DATA FOR THIS TASK:
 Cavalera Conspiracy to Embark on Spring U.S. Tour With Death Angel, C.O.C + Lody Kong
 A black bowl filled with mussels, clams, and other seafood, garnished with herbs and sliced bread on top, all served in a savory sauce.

---

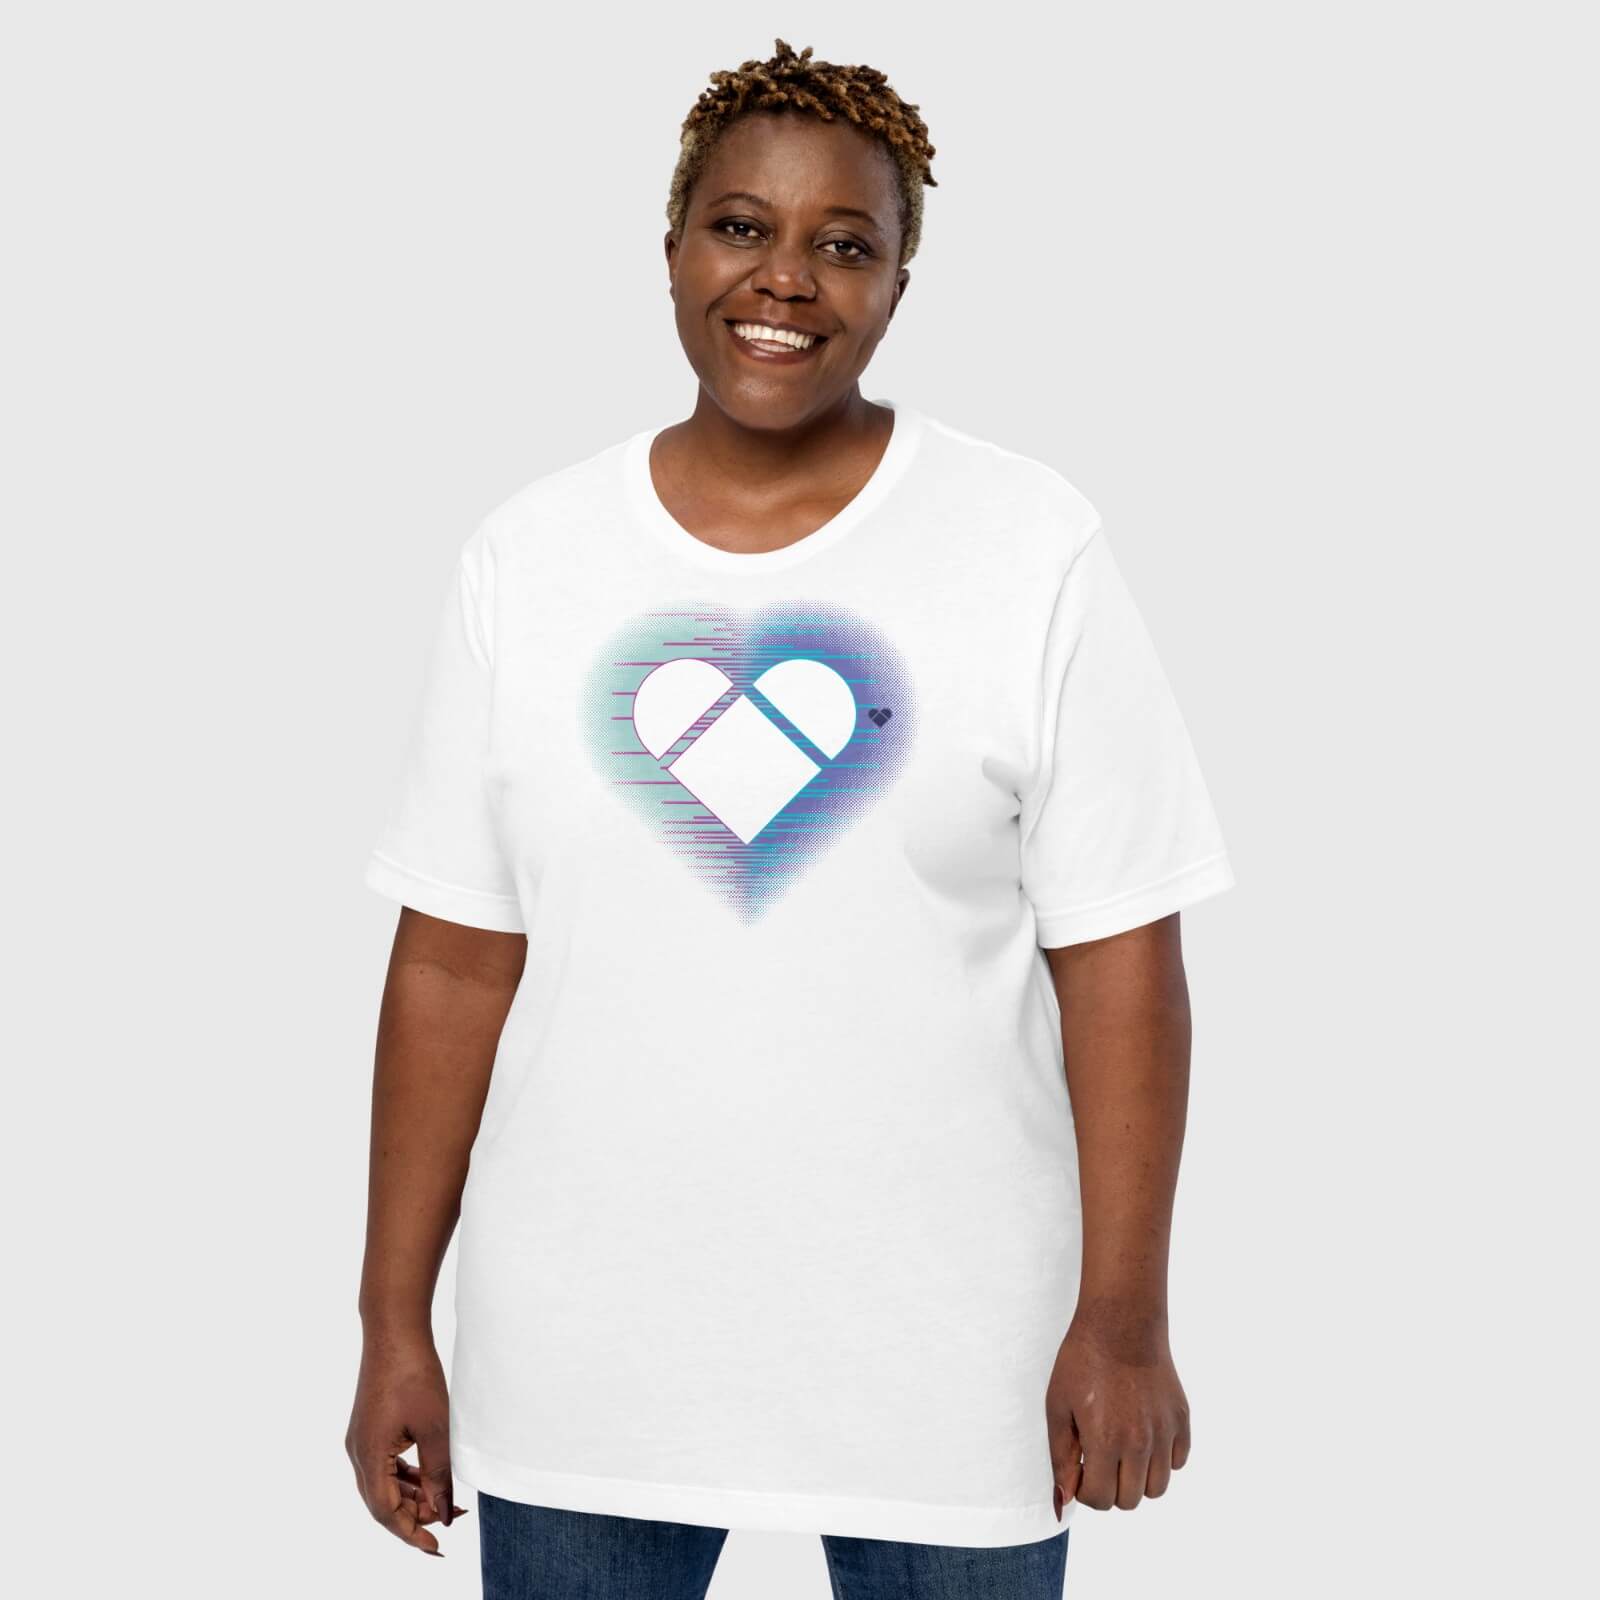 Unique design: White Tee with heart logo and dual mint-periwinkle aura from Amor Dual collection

...

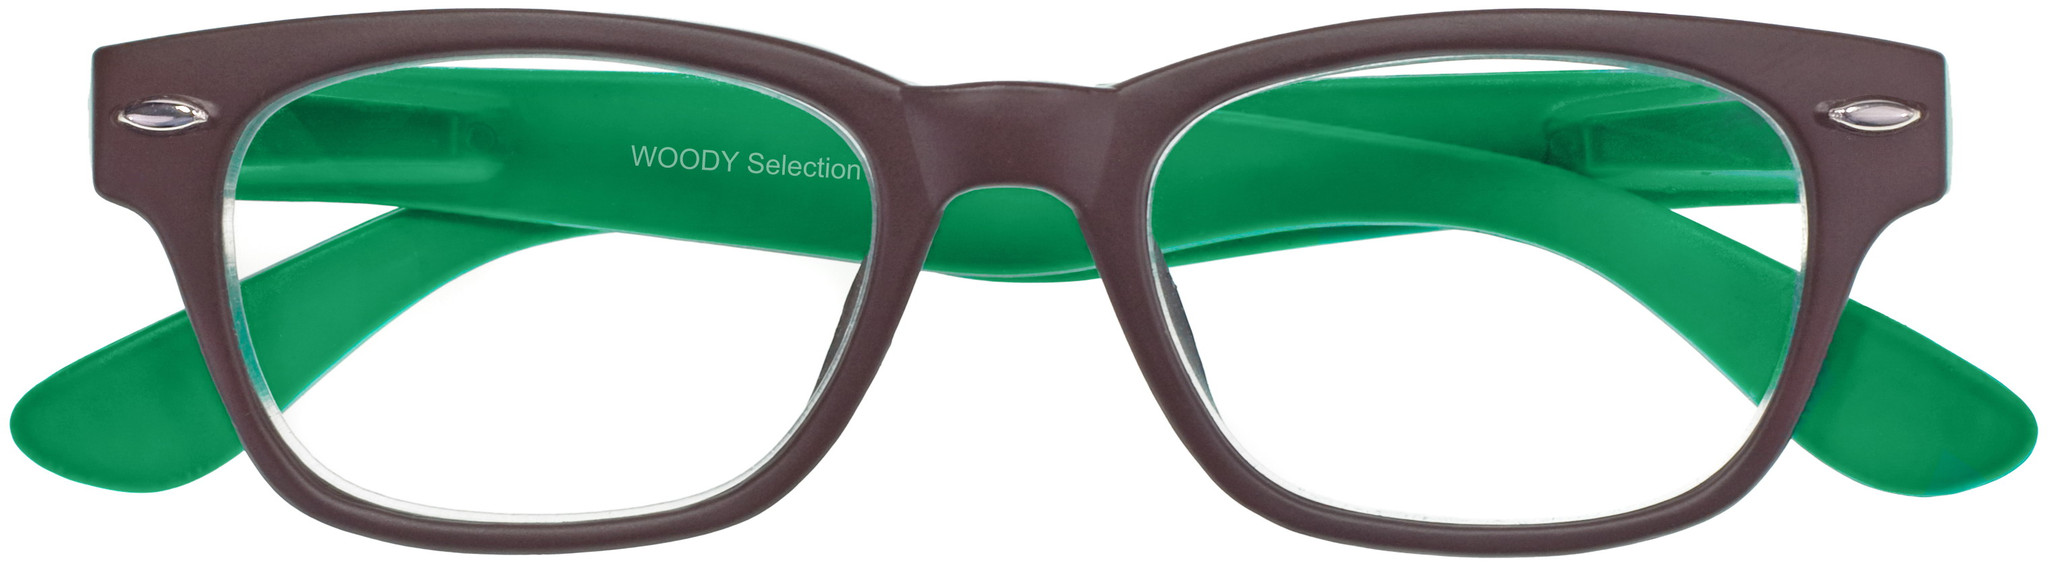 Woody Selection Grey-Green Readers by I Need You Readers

TASK STATEMENT: In the listing above, locate the line containing "Cavalera Conspiracy to" and the line containing "A black bowl". Transcribe those two lines and everything between them, exactly as written.

ANSWER FOR THE TASK:
 Cavalera Conspiracy to Embark on Spring U.S. Tour With Death Angel, C.O.C + Lody Kong
 A black bowl filled with mussels, clams, and other seafood, garnished with herbs and sliced bread on top, all served in a savory sauce.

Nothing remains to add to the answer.